Let $\Omega = \{0,1\}^\mathbb{N}$ and denote $\omega = (\omega_1,\omega_2,\ldots)$ as an element of $\Omega$. Now let $X_n: \Omega \rightarrow \mathbb{R}$ be defined by $X_n(\omega)= \omega_n$ and we put $\mathcal{F}_n = \sigma(X_1,\ldots,X_n)$.

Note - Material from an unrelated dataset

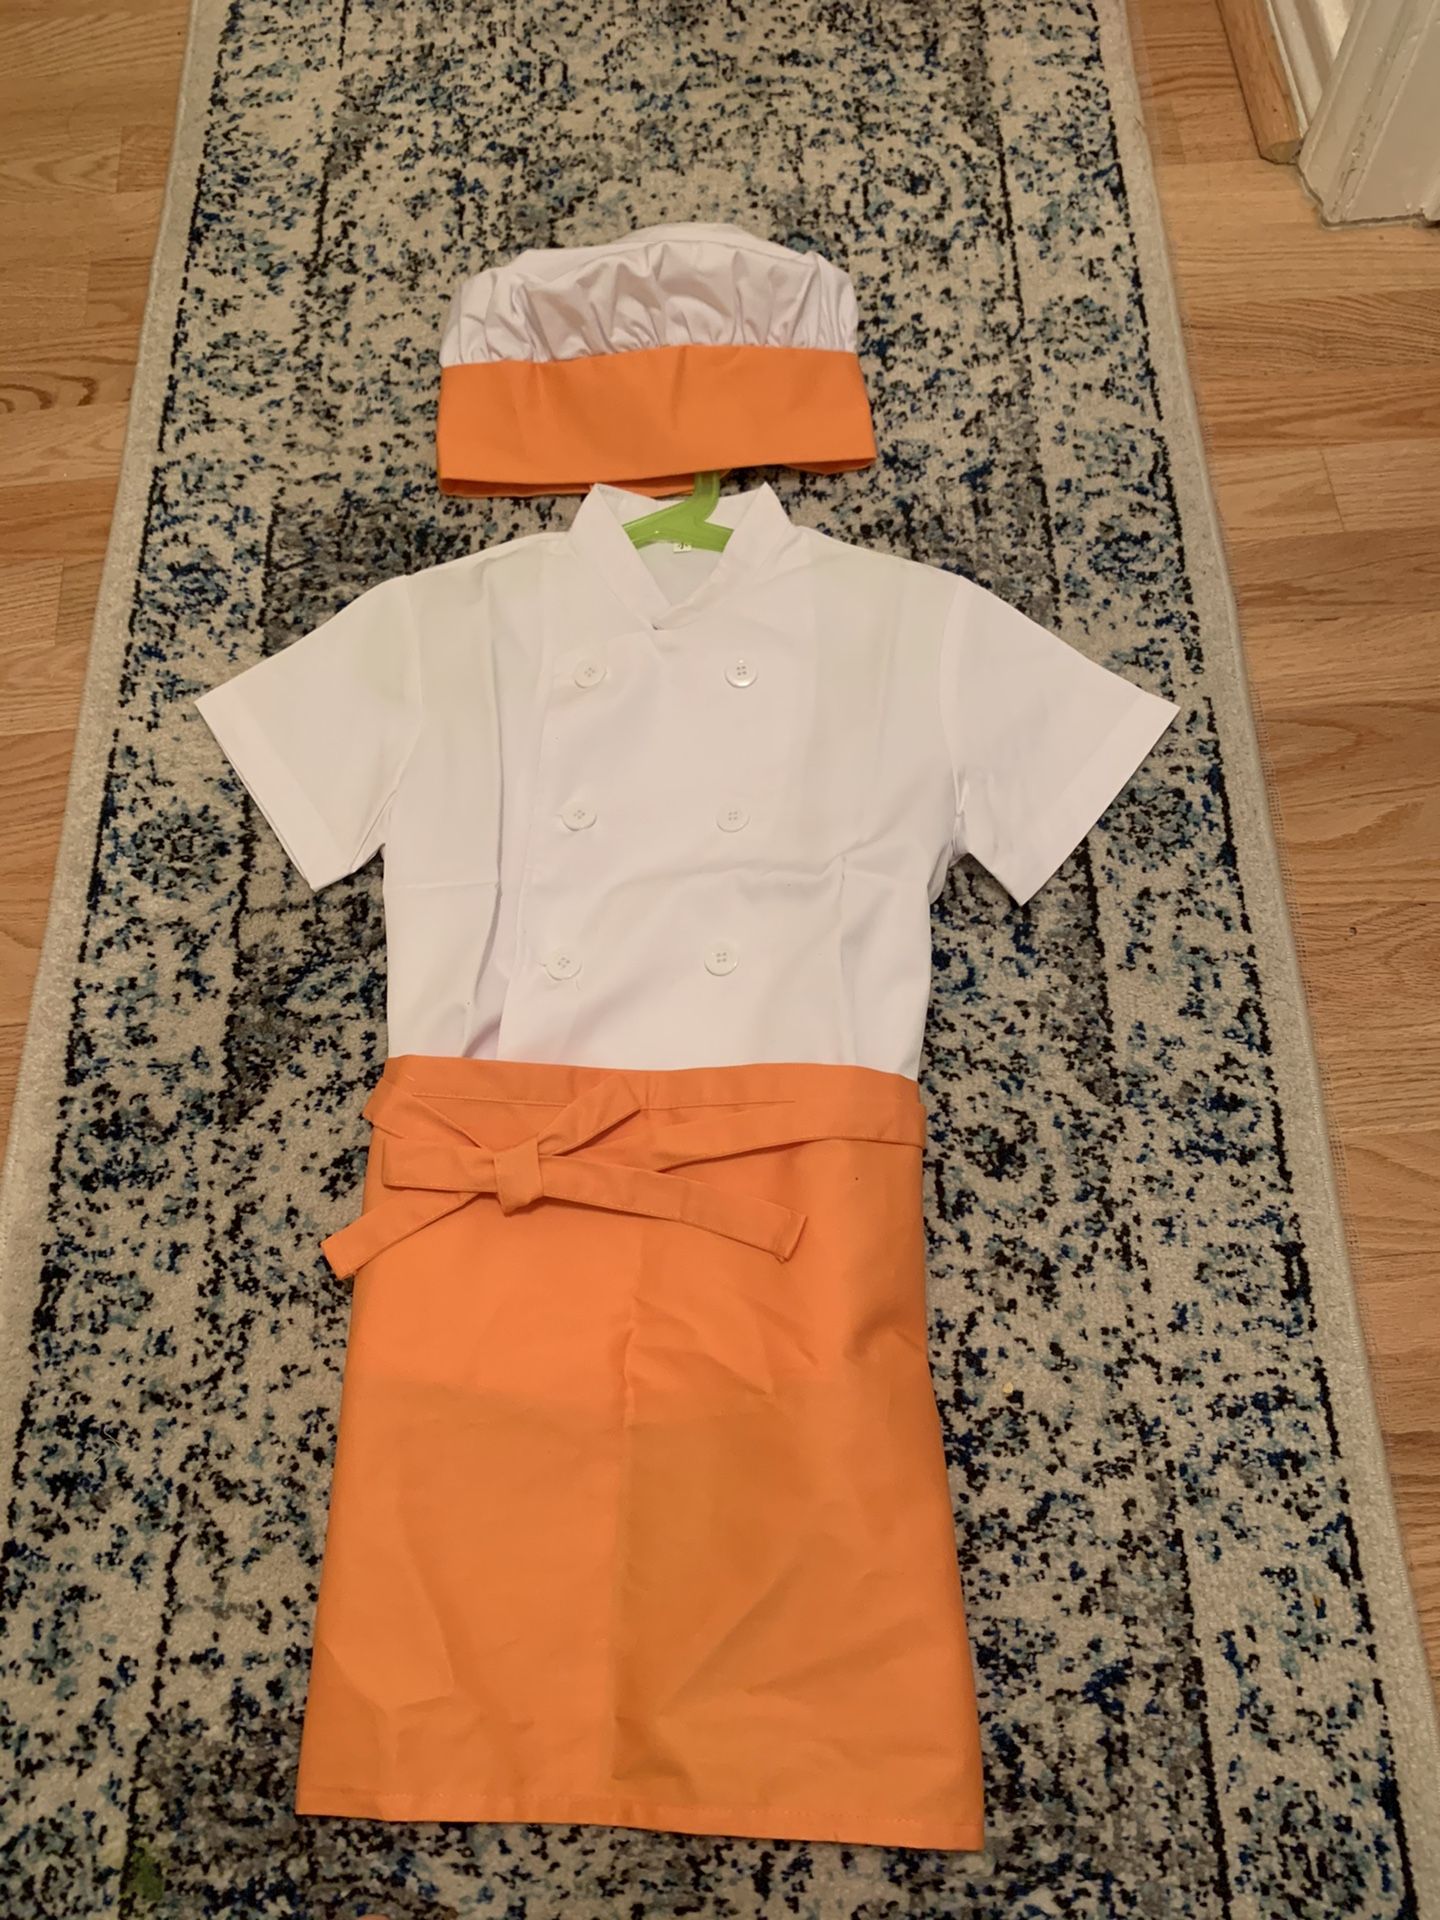 Chefs clothes for kids all new from korea 1 for 20 or 11 for 200 dollars
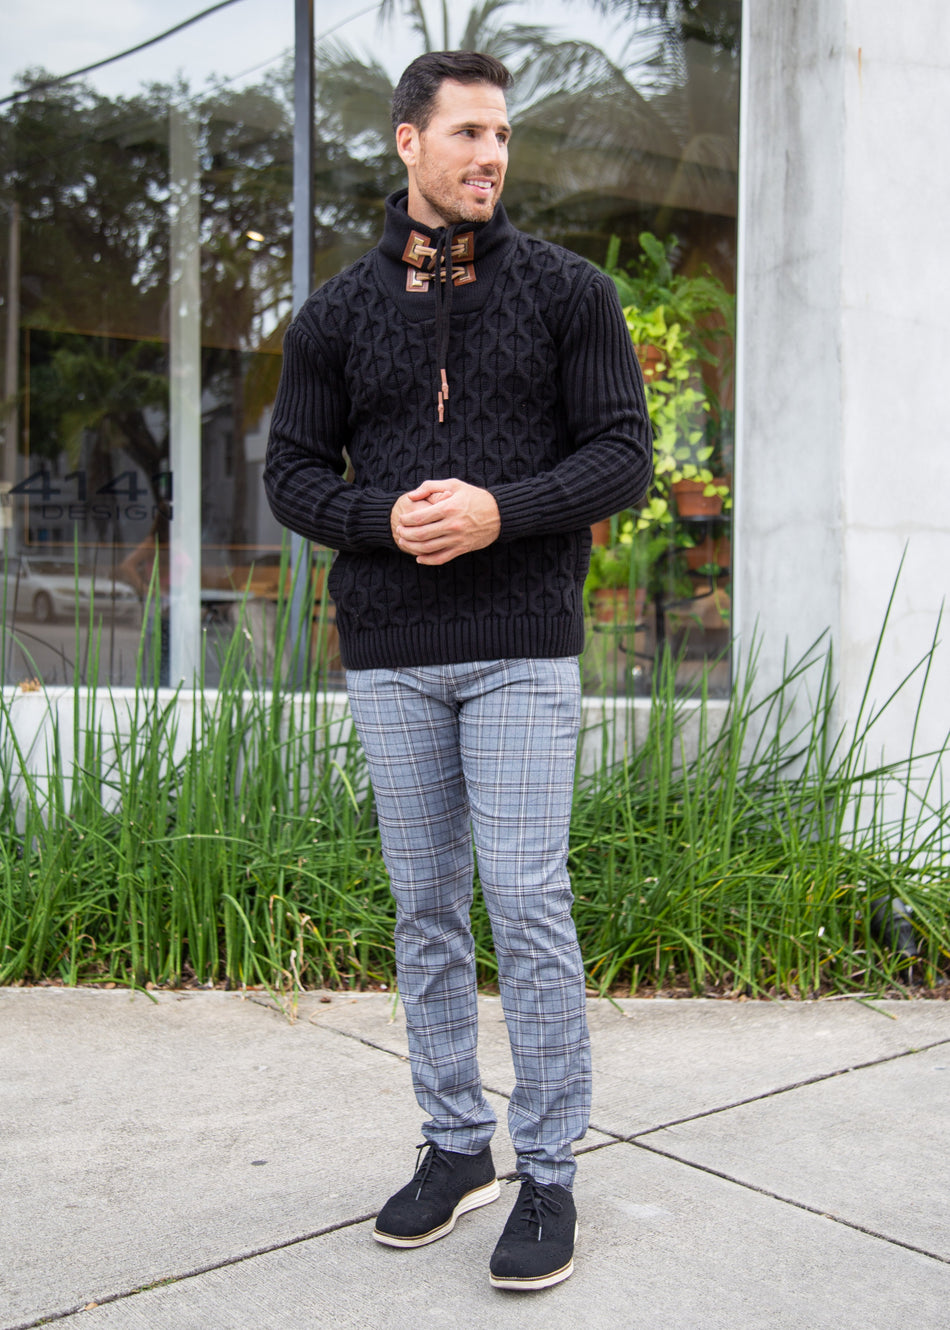 Quarter Zip Cable Knit Pullover Sweater Black

My question now is how does $\mathcal{F}_1$ and $\mathcal{F}_2$ explicitly look like? I know that $\mathcal{F}_1 = \sigma(X_1) = \{X_1^{-1}(A)|A \in \mathcal{B}(\mathbb{R})\}$ but I don't know how to proceed further neither for $\mathcal{F}_2 = \sigma(X_1,X_2) = \sigma(X_1 \lor X_2)$. Any help is greatly appreciated!
Best Answer
$X_1$ can only take two values: $0$ or $1$, so $\sigma(X_1)$ is generated by $$X_1^{-1}(\{0\}) = A_1 = \{\omega: \omega_1 = 0\}$$ and $$X_1^{-1}(\{1\}) = B_1 = \{\omega: \omega_1 = 1\}= A_1^c$$
So $\mathcal{F}_1 = \{\Omega, \emptyset, A_1, A_1^c\}$
Similarly, $\sigma(X_2)$ is generated by
$$X_2^{-1}(\{0\}) = A_2 = \{\omega: \omega_2 = 0\}$$ and $$X_2^{-1}(\{1\}) = B_2 = \{\omega: \omega_2 = 1\}= A_2^c$$
Then $\sigma(X_2) = \{\Omega, \emptyset, A_2, A_2^c\}$
So $\mathcal{F}_2 = \sigma(X_1, X_2)$ is generated by the $\sigma(X_1)$ and $\sigma(X_2)$ and is equal to
$$\{\Omega, \emptyset, A_1, A_1^c, A_2, A_2^c, A_1\cap A_2,A_1\cap A_2^c, A_1^c\cap A_2, A_1^c\cap A_2^c, A_1\cup A_2,A_1\cup A_2^c, A_1^c\cup A_2, A_1^c\cup A_2^c\}$$